* **AIM OF THE TASK**
Nothing outside the lines below from the one containing "Energielabel Grebbeberglaan 71 Eindhoven" through the one containing "Gant Frames Gant" is to be printed; print those exactly, ends included, and drop the pictures.

* **AVAILABLE DATA**
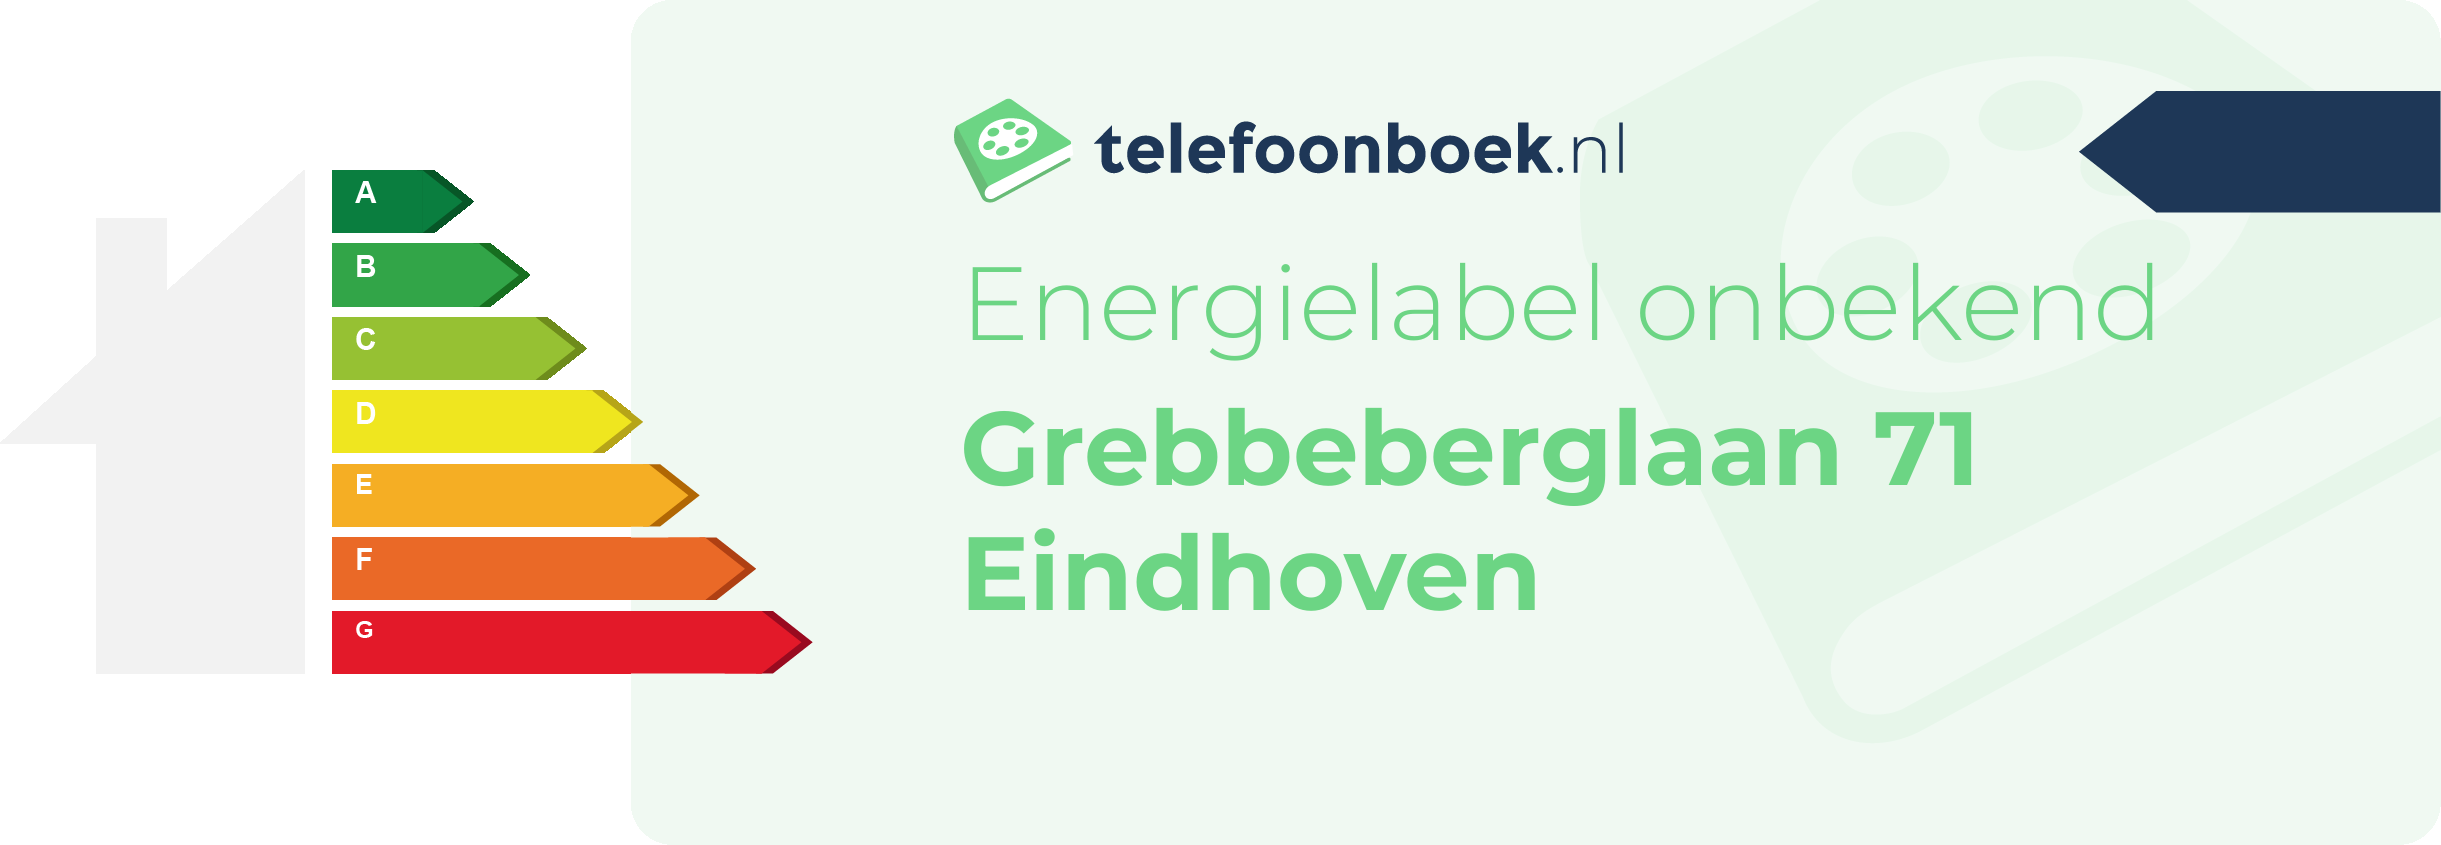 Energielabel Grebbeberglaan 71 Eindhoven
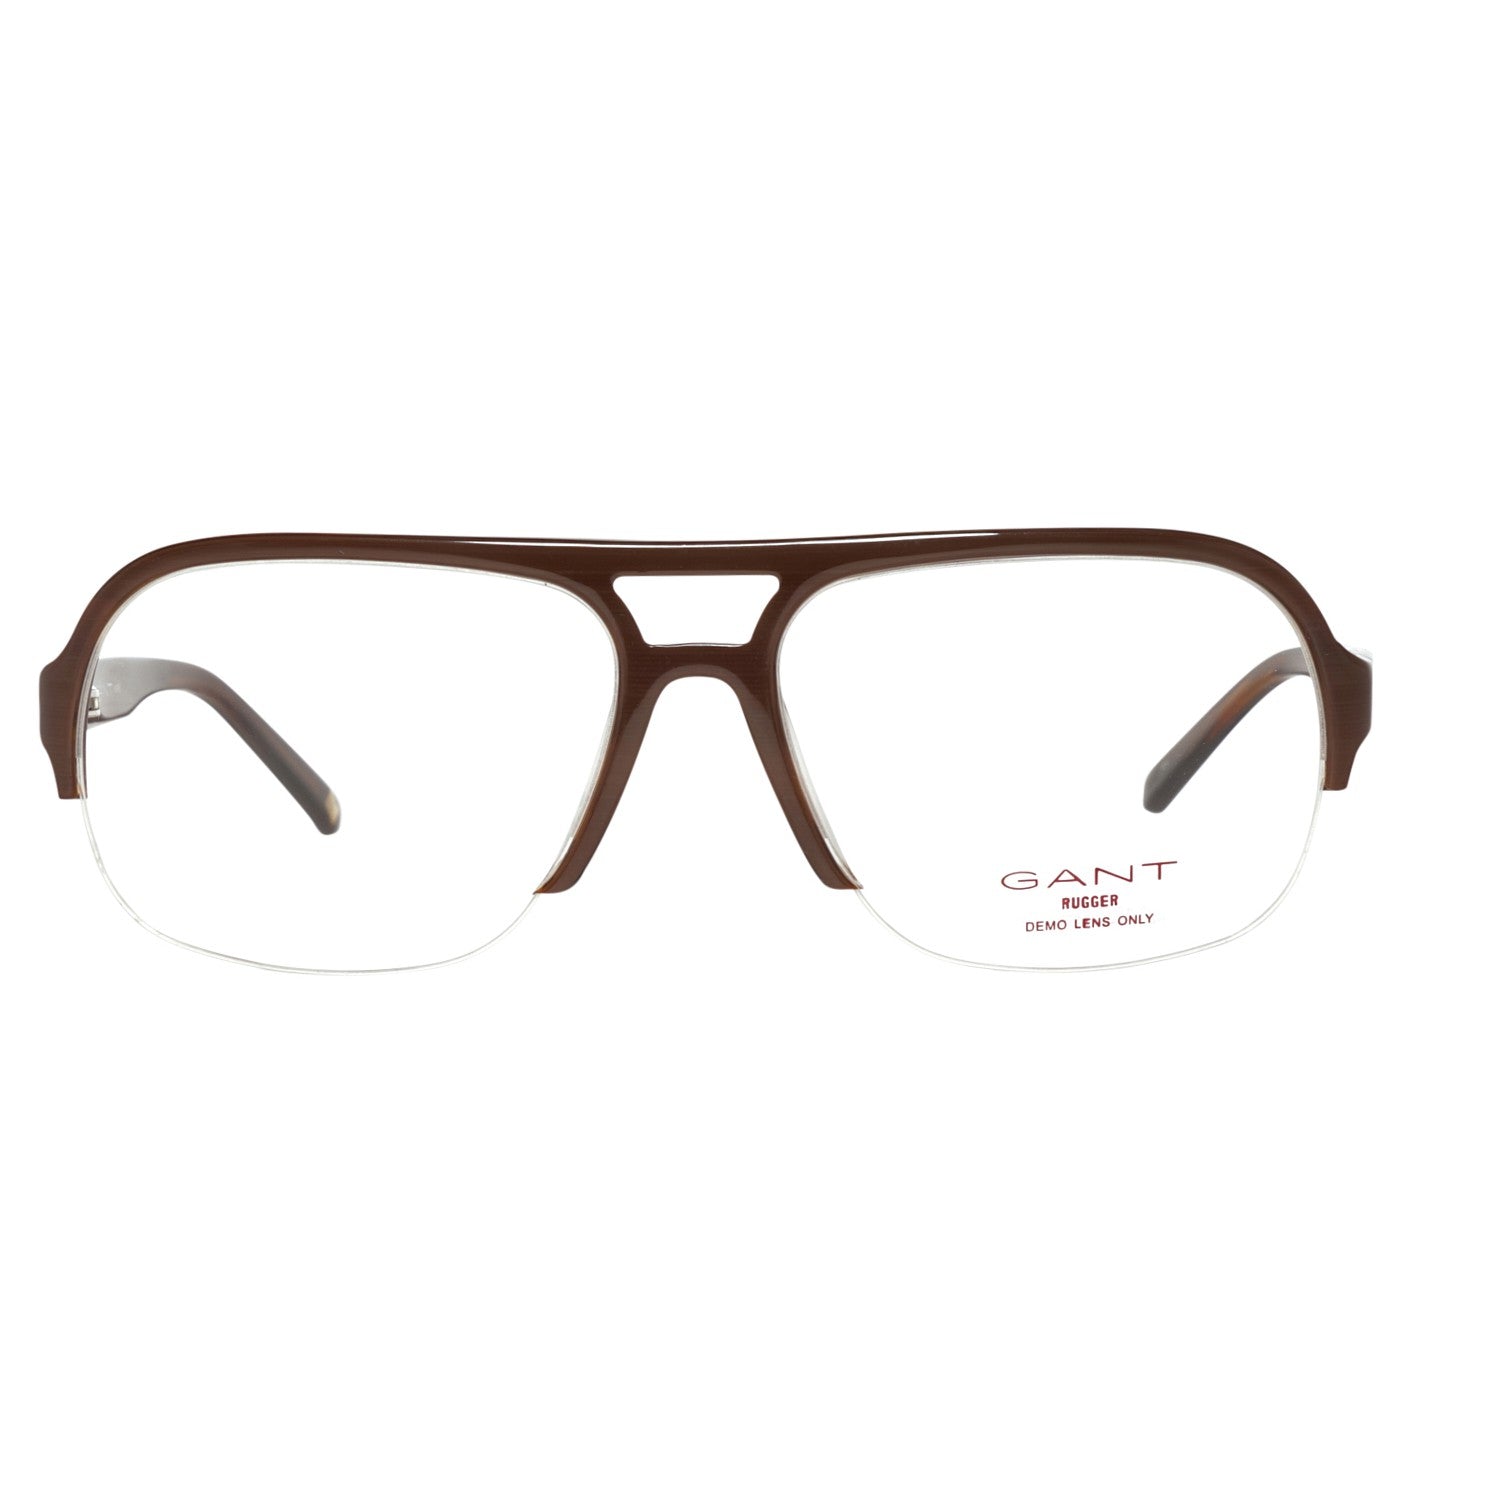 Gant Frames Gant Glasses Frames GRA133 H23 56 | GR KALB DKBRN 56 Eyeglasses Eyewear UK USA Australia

--

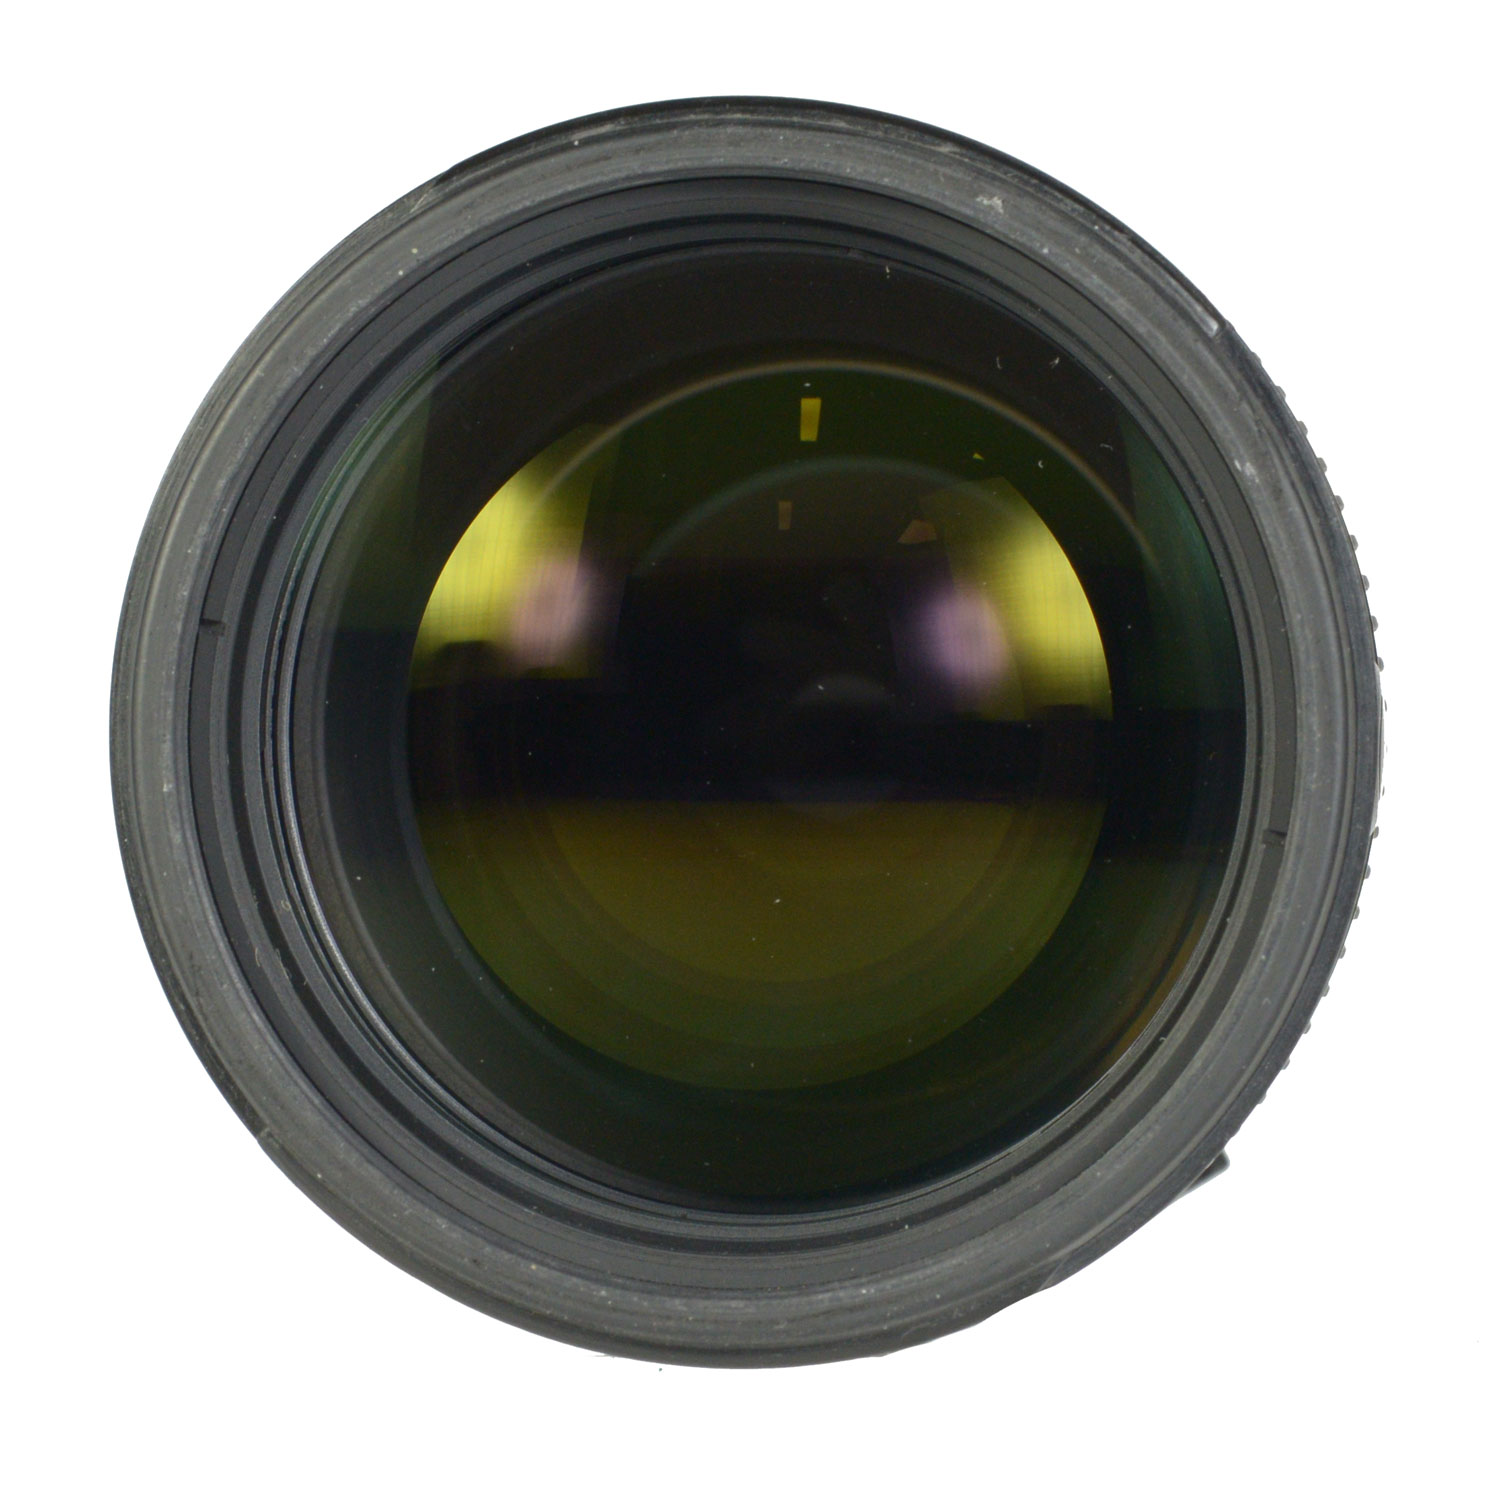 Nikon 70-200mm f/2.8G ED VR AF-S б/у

* **OUTPUT**
 Energielabel Grebbeberglaan 71 Eindhoven
 Gant Frames Gant Glasses Frames GRA133 H23 56 | GR KALB DKBRN 56 Eyeglasses Eyewear UK USA Australia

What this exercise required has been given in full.